Кое-кто ещё остановился, чтобы взглянуть на пиратский фрегат, загородивший «Морской ласточке» дорогу и изготовившийся к нападению, остальные сломя голову ринулись к фалрепу, отшвырнув штурмана в сторону. Тот чертыхнулся, сунул пистолеты за пояс и последовал за остальными. А когда шлюпка, подгоняемая торопливыми ударами весел, полетела к берегу, за её кормой раскатился грохот первого залпа пиратских пушек по брошенной на произвол судьбы «Морской ласточке». Теперь паника перекинулась и на остальные корабли каравана. Никто не хотел рисковать жизнью и свободой, сражаясь за добро толстосумов, если даже их выборный адмирал сдал свой корабль пиратам без боя. Наконец вырвалась наружу давно исподволь тлевшая в людях ненависть к бестолковым и деспотичным командирам, к жадным судовладельцам и толстопузым купцам, проживавшим в своих роскошных домах все, что они, оборванные и полуголодные, добывали для них в поте лица. Напрасно капитаны сыпали угрозами и проклятьями: что могло быть страшнее, чем попасть в лапы к пиратам? И если сами капитаны хотели избежать этой участи, им не оставалось ничего иного, кроме как последовать за своими командами.

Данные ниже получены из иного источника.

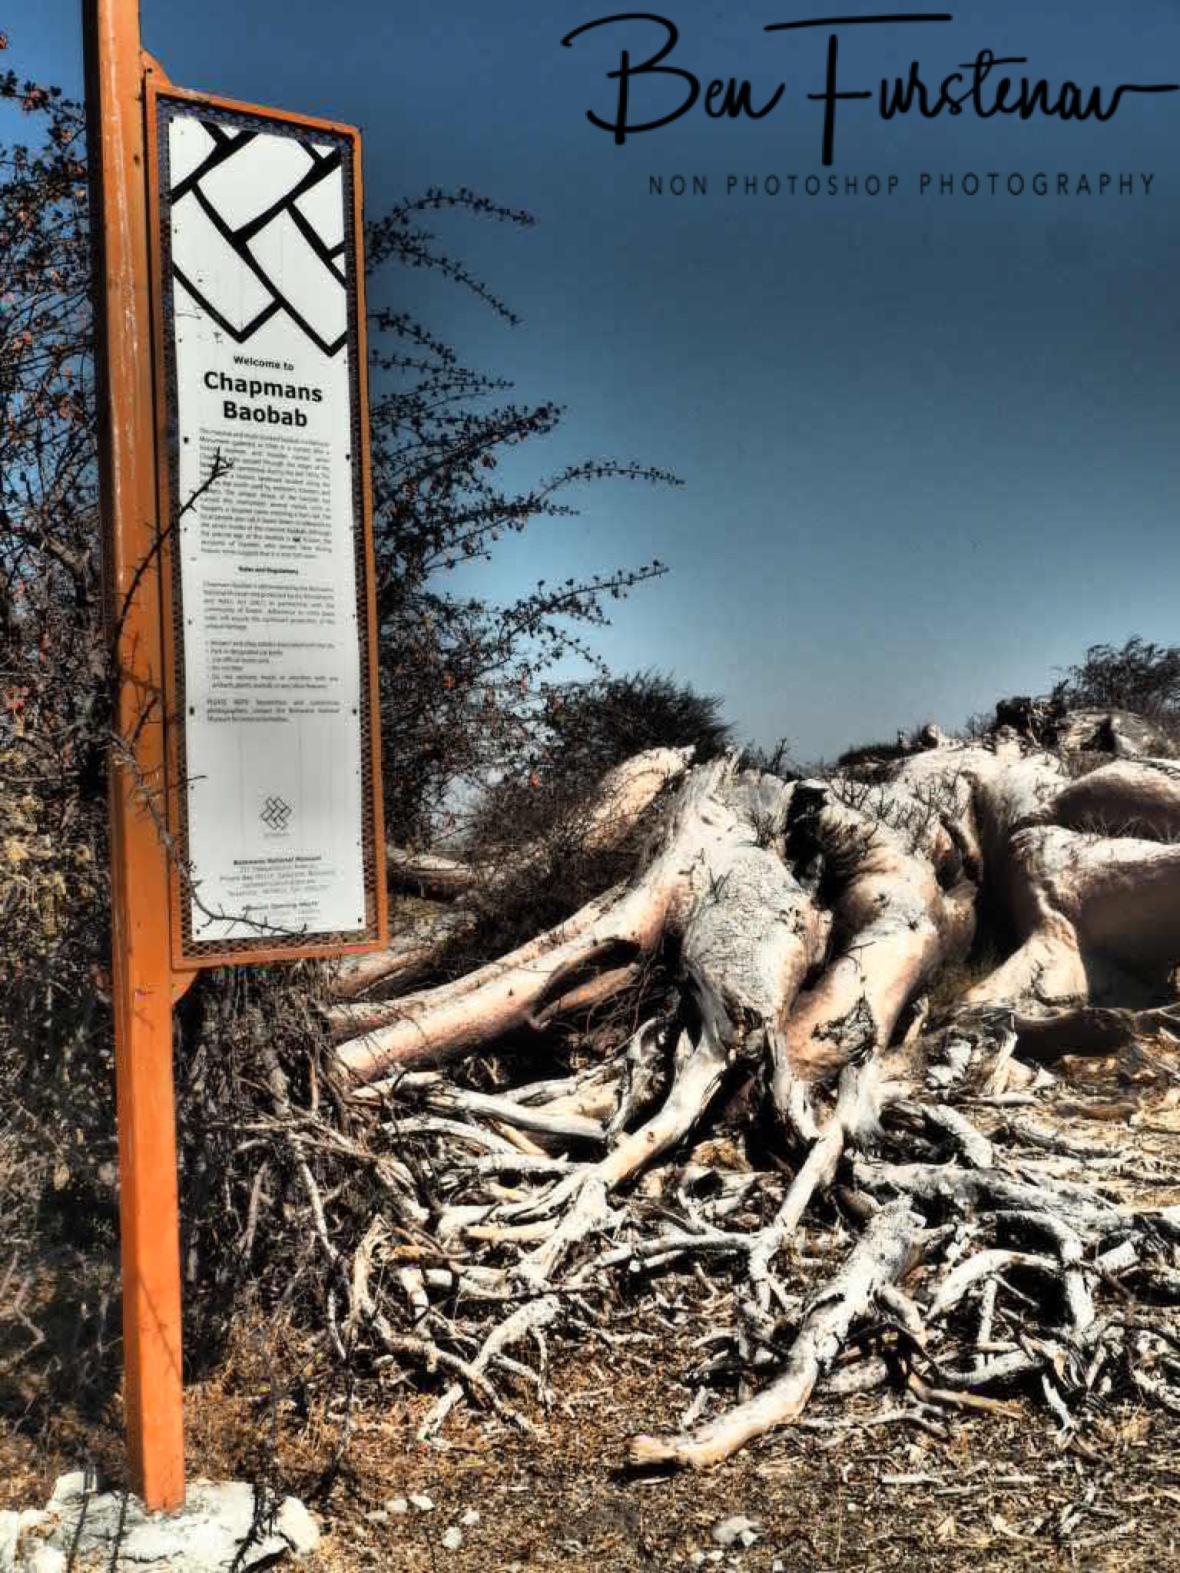 Chapman's Baobabs site, Makgadikgadi Salt Pans, Botswana

И от «купцов» начали отчаливать шлюпки — под радостные вопли пиратов, бравших на абордаж гамбургские корабли один за другим. Одному только Михелю Шредеру с великим трудом удавалось пока ещё держать команду «Анн-Шарлотт» в руках. Он, конечно, не собирался сражаться в одиночку с пиратами: что-нибудь бессмысленнее этого трудно было и придумать. Однако он не терял надежды спастись бегством. Пиратские корабли не могли взять на абордаж всех «купцов» одновременно. Воспользовавшись удобным моментом, «Анн-Шарлотт», прикрытая остальными судами каравана, промчалась на всех парусах под самым берегом в южном направлении. Михель Шредер рассчитывал выиграть несколько миль, прежде чем пираты заметят его маневр, и успеть добраться хотя бы до Виго. Однако до Виго оставалось ещё двадцать с лишним миль, а до спасительных сумерек — не менее шести часов. Тем не менее команда «Анн-Шарлотт» воспрянула духом и, по мере того как удалялся, стихая, гром пушек за кормой, проникалась все большим уважением к своему молодому капитану.

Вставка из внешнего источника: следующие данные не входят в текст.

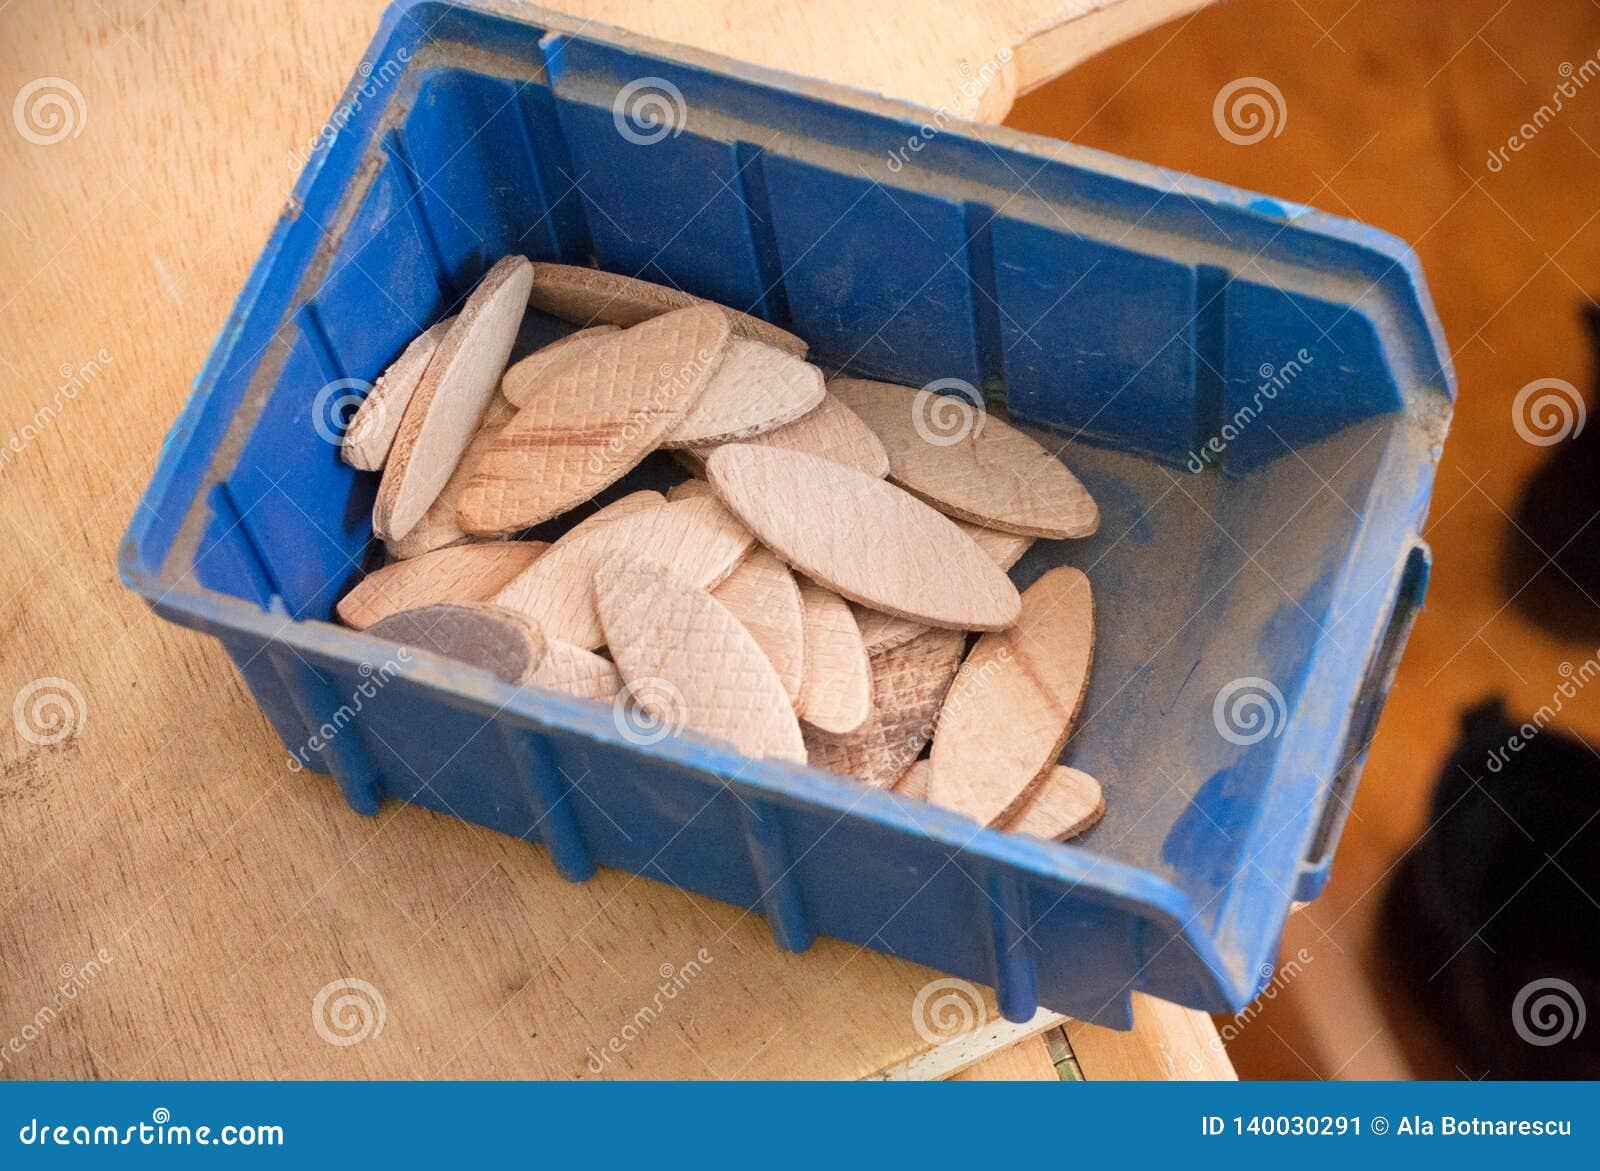 Biscuit comprimé en bois de hêtre dans un récipient en plastique bleu

Михель Шредер то и дело поглядывал назад, прикидывая, хватит ли им этой форы, чтобы уйти от пиратов. Однако надежда на удачный исход их отчаянной попытки бегства стала быстро таять, когда один из фрегатов пустился за ними в погоню, подняв все паруса до последнего. Если никто не придет на помощь; старушке «Анн-Шарлотт» не уйти, она обречена. Но от кого здесь ждать помощи? От французов? Они и глаза бы не открыли, не то что орудийные порты. У англичан и голландцев с Алжиром мирные договоры, которые они не станут нарушать из-за какого-то гамбуржца. Оставались испанцы и португальцы, но их массивные галионы в этих водах появлялись редко: охрана «серебряных» караванов была им куда важнее.
Михель Шредер созвал команду и объявил, что дальнейшее бегство бессмысленно, корабль им не спасти, поэтому пусть все быстро собирают пожитки и готовятся сесть в шлюпки.
Алжирский фрегат в кильватере «Анн-Шарлотт» неотвратимо настигал её, однако спасительный берег становился все ближе. Михель Шредер спустился в крюйт-камеру, зажег там один конец длинного фитиля, а другой сунул в бочку с порохом. По его расчетам, фитиль мог тлеть не менее получаса. Примерно столько же времени понадобится пиратам, чтобы захватить «Анн-Шарлотт». Затем капитан вновь поднялся на палубу, приказал ещё немного обрасопить реи, чтобы «Анн-Шарлотт» легла на новый курс — прочь от берега, переложил руль и только после этого сел в шлюпку к остальным.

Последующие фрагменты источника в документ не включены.